To get some better idea about what might actually be saved from removing the internal market some insight is provided by some real evidence.  Some real information about the costs of various systems has recently helpfully been provided in a study by Himmelstein et al.  This looks only at the costs of management and administration within larger hospitals across various countries with varying degrees of “market”.  Of particular interest is that it treats Scotland and Wales separately from England in its analysis.

Like the York report it would help if more people actually read what the evidence says, but to summarise: the highest costs per capita (after numerous adjustments) are in those systems with complex payment systems.  Systems which have single payer and block funding have the lowest costs.  Systems like ours in England are in between.  For hospitals the best estimate for England is for administration and management to account for between 17% and 21% of total expenditure.  (Spookily but coincidentally similar to the York finding of a decade ago.)

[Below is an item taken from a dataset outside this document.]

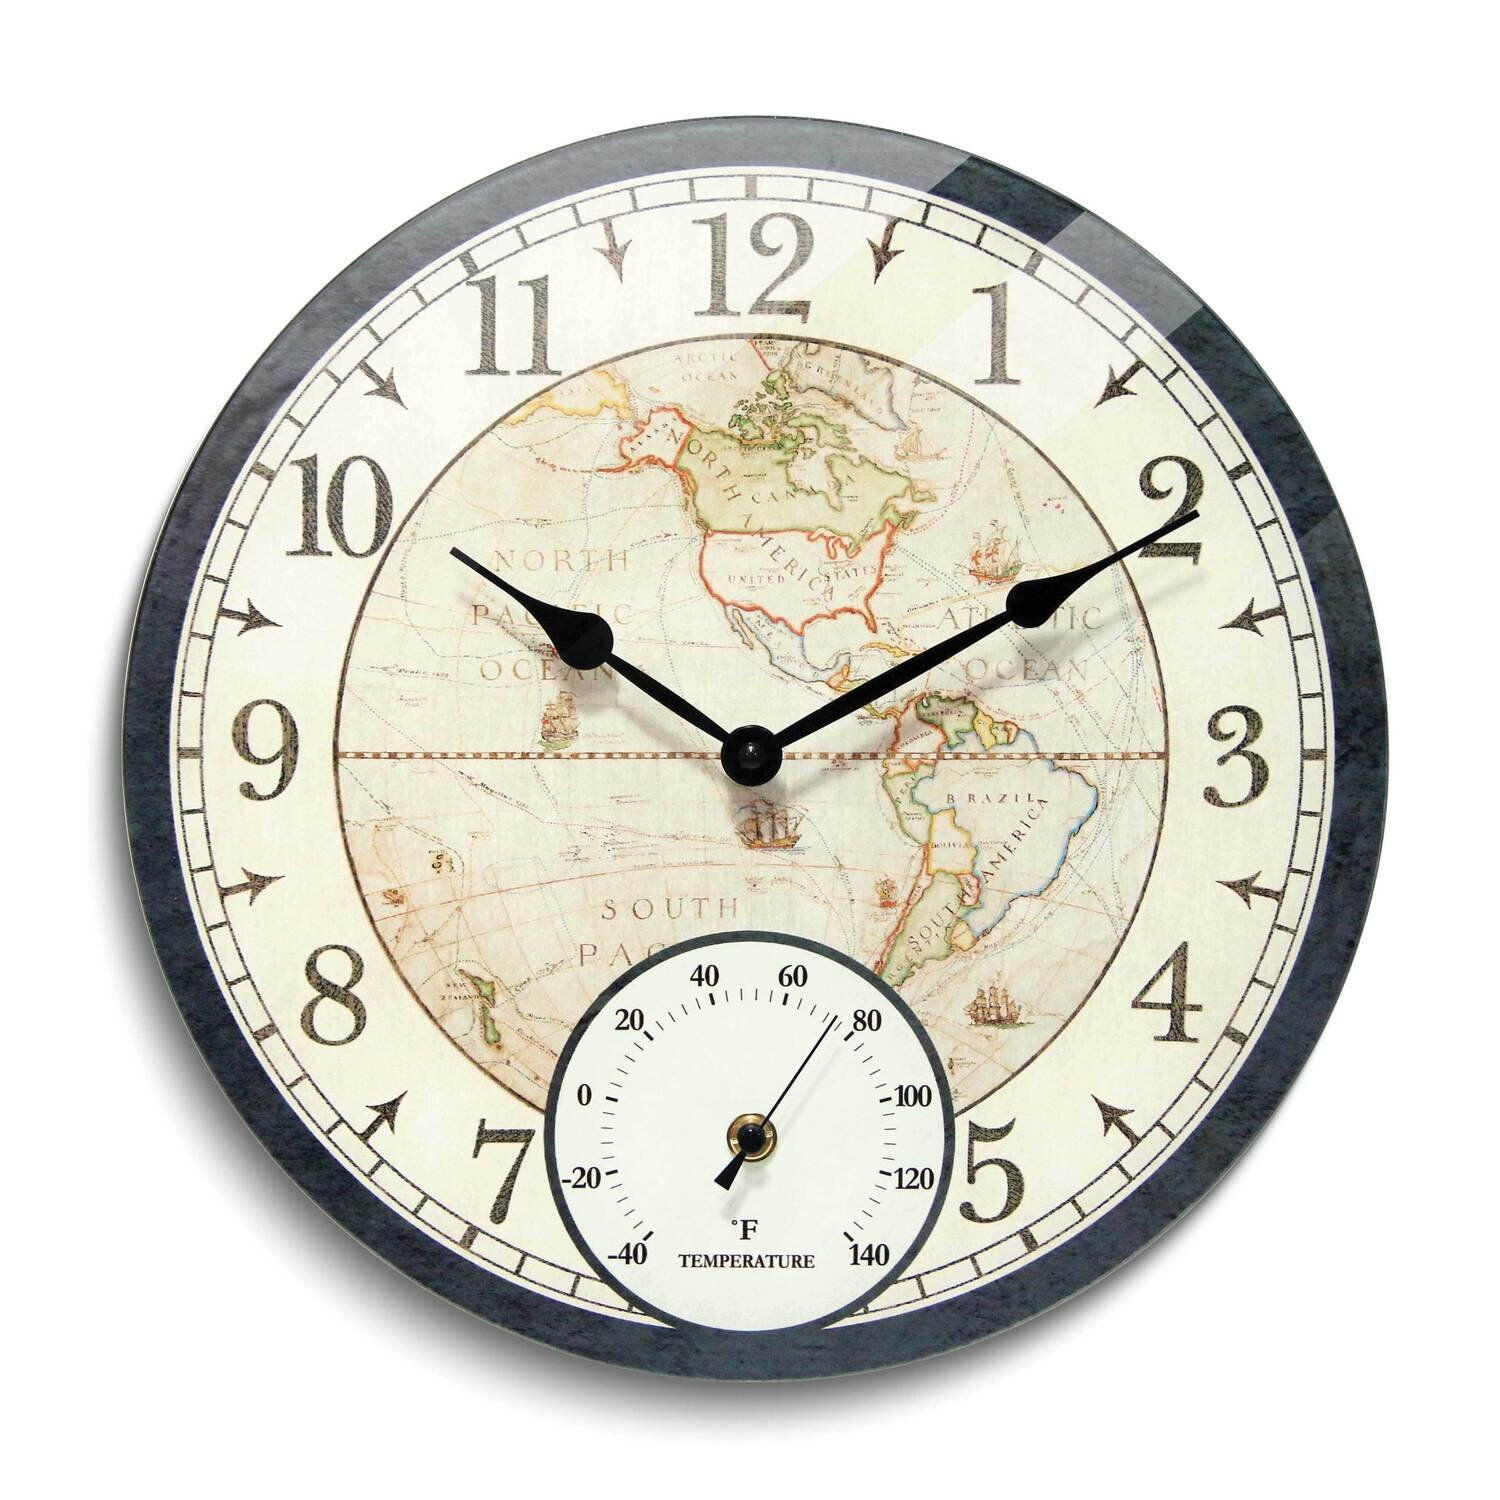 Orbis Black All Weather World Map In and Outdoor Wall Clock GM25020

In comparisons of relative expenditure England comes out slightly higher than Wales but Scotland is significantly lower.  The explanation though appears to be a technical one in that management of capital in Scotland is more centralised.  In fact there is not a lot of difference between the three nations.  What differences there are appear to be due to costs of administration not of management and to be due to numbers of people not wage levels.

But there are differences which can be seen mostly to do with the costs of information used to drive the payments systems, which in England is DRG and activity based plus a bit of block funding.  So if we went back to very simple single payer funding with no competition for funding and centralised all capital management it appears that there could be savings of the order of 1% to 2% in hospital costs.  That is a lot less than £1bn in total even if it were possible.  In fact much of the information used to drive payments systems is used anyway and would be required so nothing like £1bn could be saved.

But in England there are also commissioning costs and system management and regulation costs.  Opinions vary about what we do in terms of planning if there is no market and about how much system management and regulation would still be needed.  But we could envisage savings from the £1.2bn spent by CCGs plus spending on CSUs, and much of the regulatory infrastructure.  Maybe £2bn in all.  But much of what is actually done within these bits of the NHS still has to be done somewhere. We do need to know how much various things cost and how variable outcomes are and we do need someone designing pathways and we do need some kind of oversight.

Anyway nothing even at the wildest extremes of what might be possible gets to savings of even one quarter of the claimed £10bn.  Still the mythical £10bn is so firmly entrenched the facts are unlikely to be of much use.

When the Health & Social Care Act is repealed and the competitive market is removed then there will be scope for savings but not of the order of £10bn.  Further savings could come from reducing the number of NHS organisations through consolidation, but merges and other transactions have a bad track record.  We can only “guesstimate” but this might over time be of the order of 1 – 2% of total English NHS expenditure, but there would be considerable transition costs to be met and neither change would be easy and consolidation would be contested!